▸ Directions for this task: All entries are to be returned verbatim.

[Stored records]
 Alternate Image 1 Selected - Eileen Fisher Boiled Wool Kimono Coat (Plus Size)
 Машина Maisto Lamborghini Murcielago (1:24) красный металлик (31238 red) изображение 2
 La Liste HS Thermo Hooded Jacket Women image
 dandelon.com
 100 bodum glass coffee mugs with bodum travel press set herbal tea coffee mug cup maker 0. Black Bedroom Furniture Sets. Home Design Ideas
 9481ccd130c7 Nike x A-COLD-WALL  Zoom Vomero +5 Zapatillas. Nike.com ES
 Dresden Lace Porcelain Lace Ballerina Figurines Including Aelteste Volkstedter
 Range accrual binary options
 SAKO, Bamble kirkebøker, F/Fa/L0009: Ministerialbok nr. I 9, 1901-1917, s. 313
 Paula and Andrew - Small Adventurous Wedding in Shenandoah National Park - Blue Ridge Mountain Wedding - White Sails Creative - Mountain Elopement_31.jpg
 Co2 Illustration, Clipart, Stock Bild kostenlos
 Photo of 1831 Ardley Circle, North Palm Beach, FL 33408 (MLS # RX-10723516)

▸ Exercise answer:
 Alternate Image 1 Selected - Eileen Fisher Boiled Wool Kimono Coat (Plus Size)
 Машина Maisto Lamborghini Murcielago (1:24) красный металлик (31238 red) изображение 2
 La Liste HS Thermo Hooded Jacket Women image
 dandelon.com
 100 bodum glass coffee mugs with bodum travel press set herbal tea coffee mug cup maker 0. Black Bedroom Furniture Sets. Home Design Ideas
 9481ccd130c7 Nike x A-COLD-WALL  Zoom Vomero +5 Zapatillas. Nike.com ES
 Dresden Lace Porcelain Lace Ballerina Figurines Including Aelteste Volkstedter
 Range accrual binary options
 SAKO, Bamble kirkebøker, F/Fa/L0009: Ministerialbok nr. I 9, 1901-1917, s. 313
 Paula and Andrew - Small Adventurous Wedding in Shenandoah National Park - Blue Ridge Mountain Wedding - White Sails Creative - Mountain Elopement_31.jpg
 Co2 Illustration, Clipart, Stock Bild kostenlos
 Photo of 1831 Ardley Circle, North Palm Beach, FL 33408 (MLS # RX-10723516)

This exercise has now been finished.